On a cold winter night in Manhattan, world renowned linguist Noam Chomsky enters an Upper West Side apartment with his friend Barry. A party is already in progress. Chomsky is carrying a 6 pack of Stella Artois and the kind of self-confidence that can only come from being world renowned linguist Noam Chomsky.

Host: Barry, glad you could make it

Barry: Thanks, I brought a friend.

Noam: Hello, I'm Noam.

Host: MIT linguistics professor Noam Chomsky?

Noam: Yeppers.

Host: Wow…Mr. Chomsky, I must say, I love the idea of saying I love your work.

Noam: Most people do.

Host: Won't you come inside?

Noam: Why not, after all, I am Noam Chomsky, the world's prevalent libertarian socialist intellectual.

Barry: And I'm Barry, friend of Noam Chomsky.

Chomsky and Barry settle in on a maroon couch by the bathroom, because it has been deemed the best place to score chicks. In no time, a pair of attractive females, Meredith and Bethanie, find themselves waiting outside the door. Little do they realize that they are standing no more than 4 feet away from 2 time Orwell Award winner Noam Chomsky.

Noam: Excuse me ladies, are you in line for the bathroom?

Meredith: Yeah, wow, how did you know?

Noam: I once won the Kyoto Prize in Basic Sciences. Barry, why don't you take Bethanie to that empty couch over there and allow Meredith and I to get better acquainted?

Bethanie: How did you know our names?

Noam: I'm the recipient of an honorary degree from Harvard University…and I eavesdropped it like it's hot.

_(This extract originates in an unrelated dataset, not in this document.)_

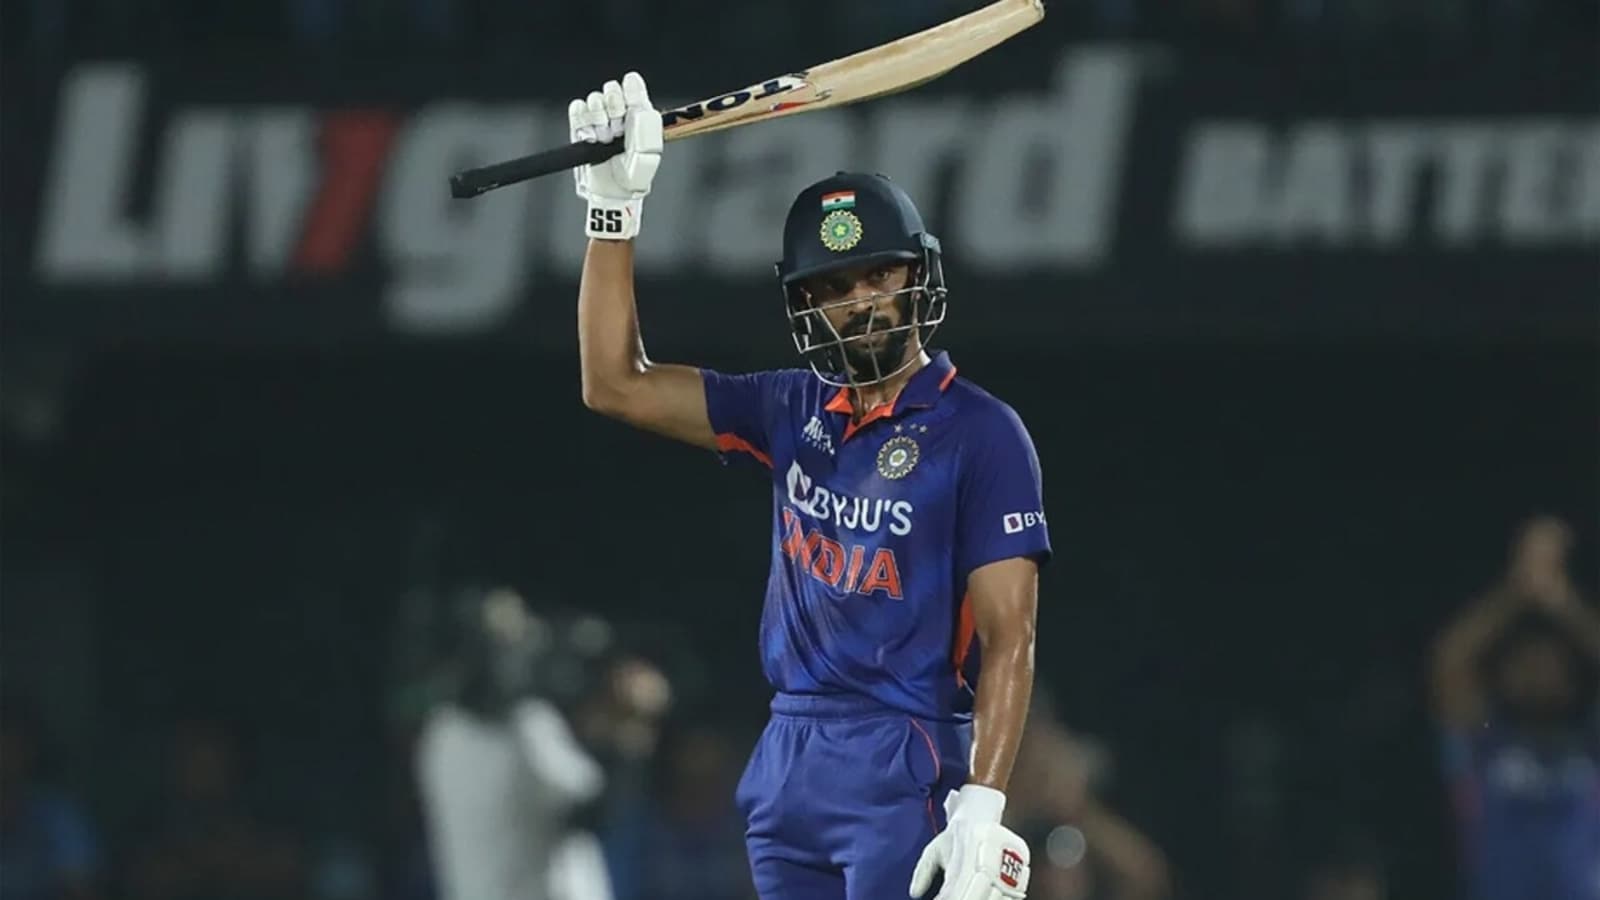 Ruturaj Gaikwad shows why India team management has backed him | Cricket - Hindustan Times

Meredith: You may or may not have just made up a potentially popular phrase. Make-out with me, 80 year old Noam Chomsky.

After a 5 minute make-out session, which rocked, Chomsky settles in with his target in the hopes that the mental stimulation that is sure to follow from a conversation with the most cited source among living scholars from 1980 to 1992, will eventually lead to the sexual stimulation that is sure to follow from boning the developer of the Principles and Parameters approach. Luckily for Meredith, Noam Chomsky is both of these things.

Meredith: You're so worldly, Noam. You must have the most amazing stories. Tell me everything.

Noam: What's the only word that changes its part of speech when it's capitalized?

Meredith: What?

Noam: When you capitalize the first letter in the word, it changes its meaning entirely. What word is it?

Meredith: I don't know.

Noam: The answer is polish, which becomes Polish. Get it?

Meredith: Yeah, anyways…what was it like debating William F. Buckley on television during the Vietnam era? That must have been such a sexually charging thing?

She puts her hands on his thigh. Sensing the moment, Noam strikes.

Noam: Do you know the longest word that's typed on a standard computer keyboard with just the right hand?

Meredith: No.

Noam: It's lollipop. What's the longest one-syllable word?

Meredith: What?

Noam: Strengths. The answer is strengths.

She prepares to leave, but as she does, he passionately grabs her hand and pulls her close, as only a man born in Philadelphia, Pennsylvania could. She is aroused big time.

Meredith: Let's go somewhere. I want to make love to you.

Noam: What word has the longest string of consonants?

Meredith: Goodbye.

Noam: Nope, it's latchstring. Goodbye is not even close.

Meredith: I hate you Noam Chomsky.

The time is 3 a.m. Noam Chomsky sits alone on a wicker chair. He will not get laid tonight. He will probably never get laid again. Because Noam Chomsky, it turns out, can't close for sh*t.

This article was sponsored by The Center For Making Noam Chomsky Wikipedia Searches Unnecessary.